Tuesday, March 30, 2010

The Joy of the Lord


Nehemiah said, "Go and enjoy choice food and sweet drinks, and send some to those who have nothing prepared. This day is sacred to our Lord. Do not grieve, for the joy of the LORD is your strength."

Nehemiah 8:9-11


Asked, most of us would likely admit that we would like to live lives characterized by the joy of the Lord. I would guess that at various times in our lives many of us have experienced a surpassing exhilaration that seemed to release us from all the weight of disappointment, humiliation, inadequacy and insignificance. When we think about the joy of the Lord, we may recall this experience. For others of you the joy of the Lord may be much less an emotional phenomena; you may recall moments when a personal assurance that God controls everything and has used that to love us and make us His children overwhelmed and supplanted every grievance, complaint and irritation as well as every legacy of victimization, failure and indifference.

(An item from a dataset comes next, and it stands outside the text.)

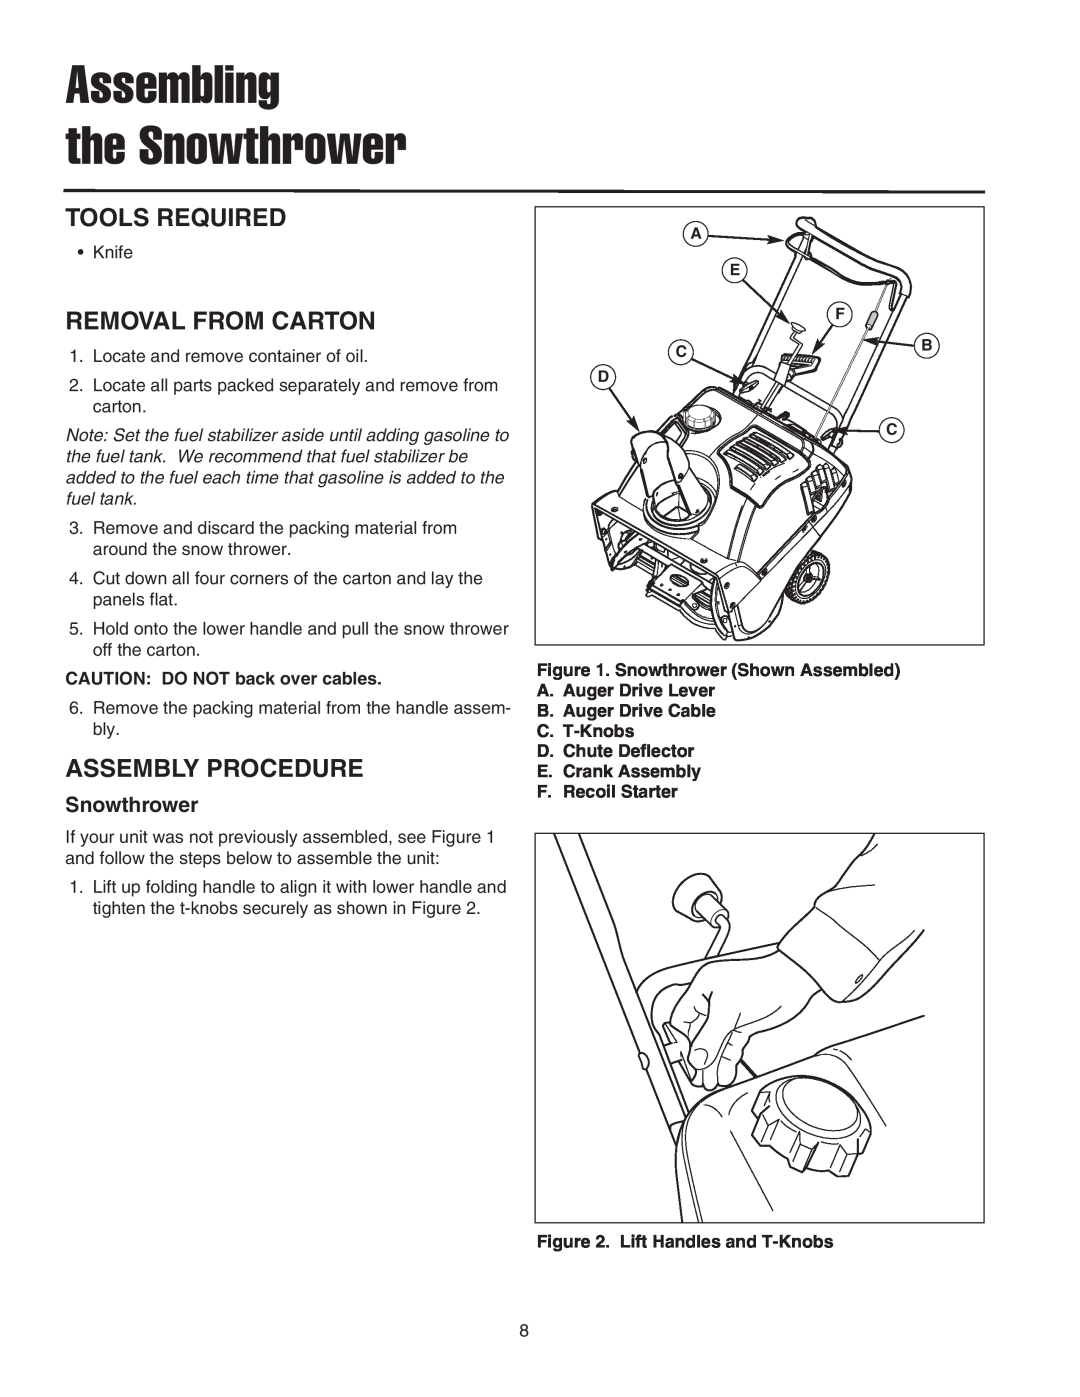 Snapper 522E manual Assembling the Snowthrower, Tools Required, Removal From Carton, Assembly Procedure, F. Recoil Starter 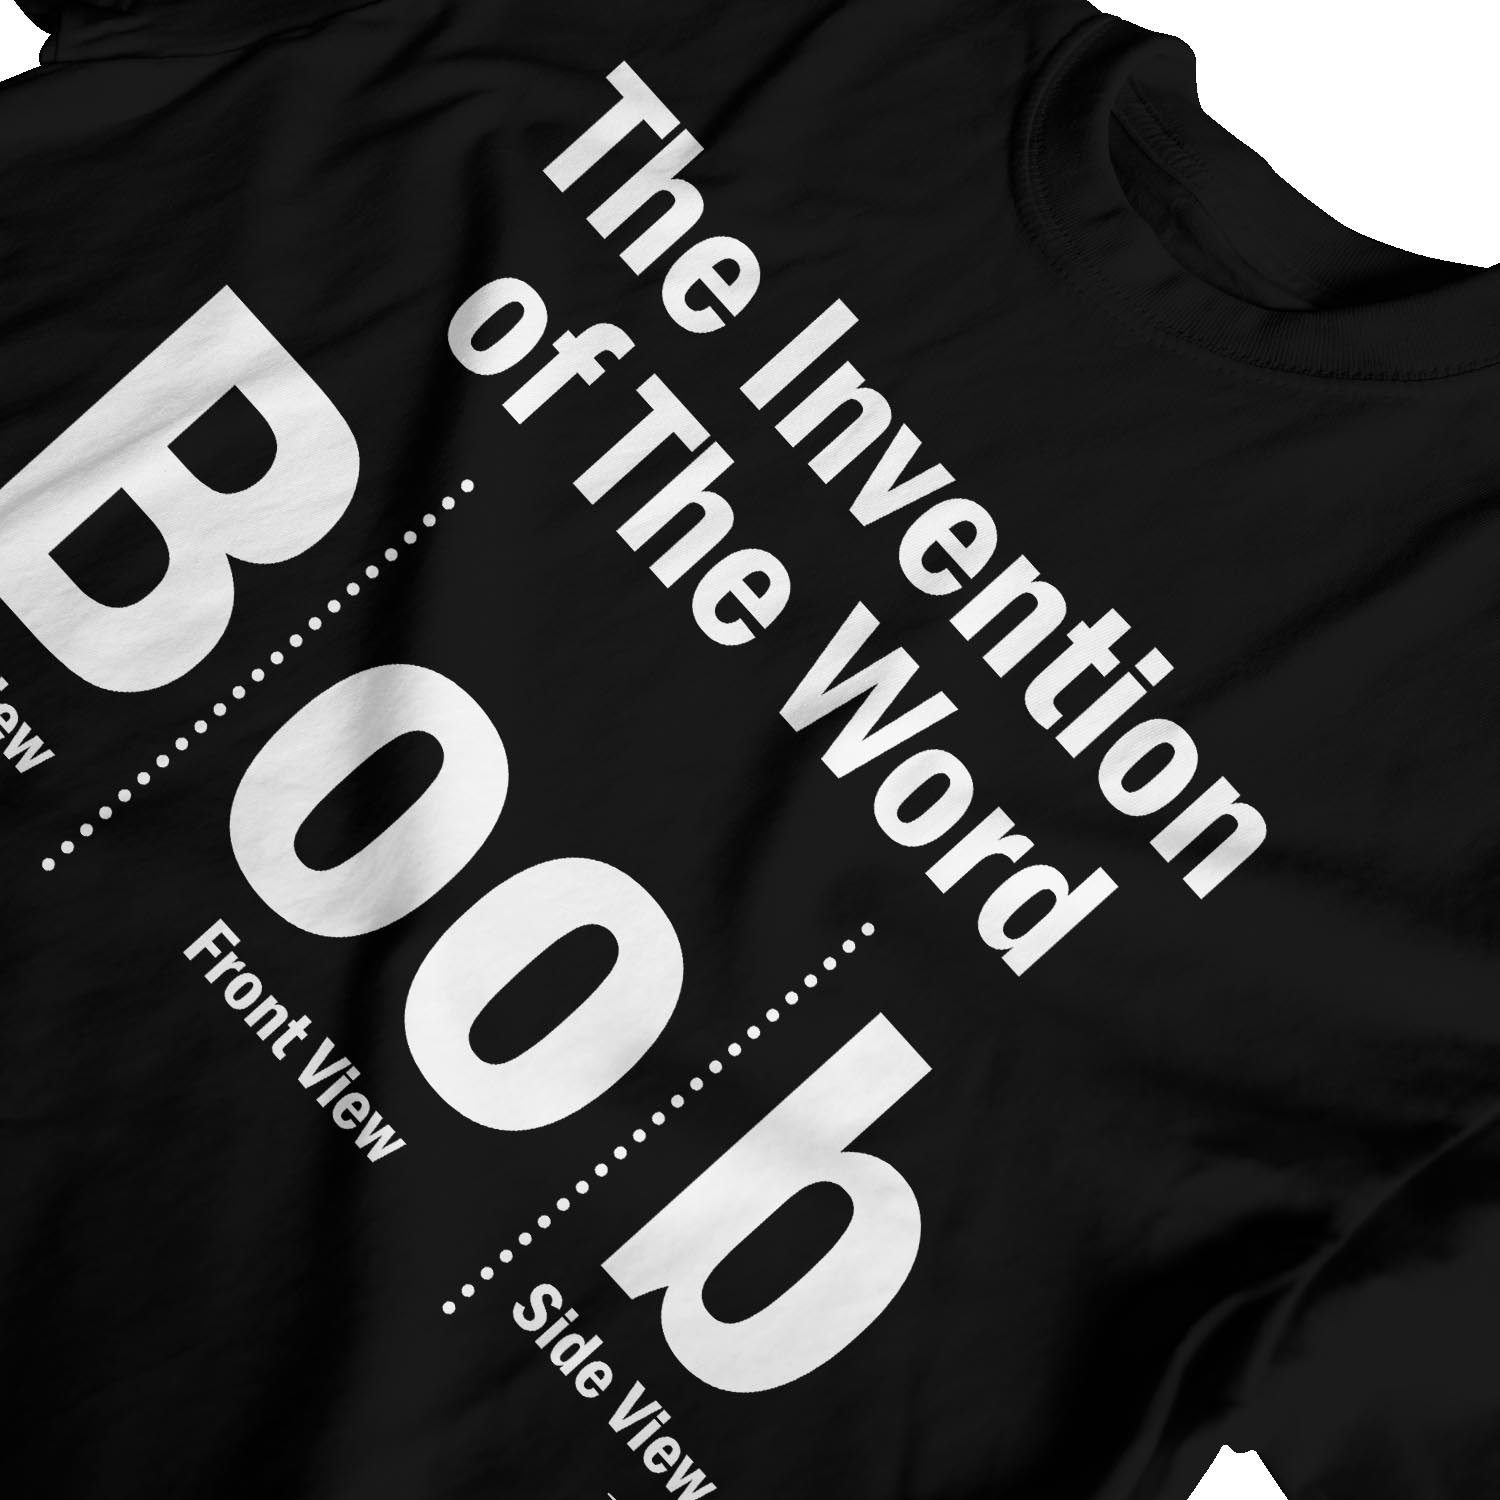 Invention Of The Word Boob Tank Top - TeeHex

Whatever else it may mean to us, the joy of the Lord probably means to us happiness and freedom or release. Paul liked the word “liberty.” However, I suspect that most of us regret that the joy of the Lord seems so transient. Our lives have “highs” and “lows;” the latter tend to out number the former; and, believers tend to see this as the inescapable consequence of original sin, our sinful nature and our sinful decisions. These irreducibly mar our earthly existence, and the Good News is that Christ died to save us from this marred existence by opening to us a life after death free from sin. In other words, the joy of the Lord will be a permanent condition of eternal life commencing after death.

I have not written all this as a preface to suggesting that with a different understanding the joy of the Lord will be more accessible. Rather I want to share that recently as I was praying, over several days, God just kept putting the phrase, the joy of the Lord, on my heart, in my ears, and even in a vision of the written words. Furthermore, He pointed out to me that if I believe that His joy is a desirable but inherently unsustainable state, I will not seriously pray for it. But He affirmed that it is His desire that we should pray for His Joy, that we should have it, and that it is not He limiting the joy of the Lord to our life after death.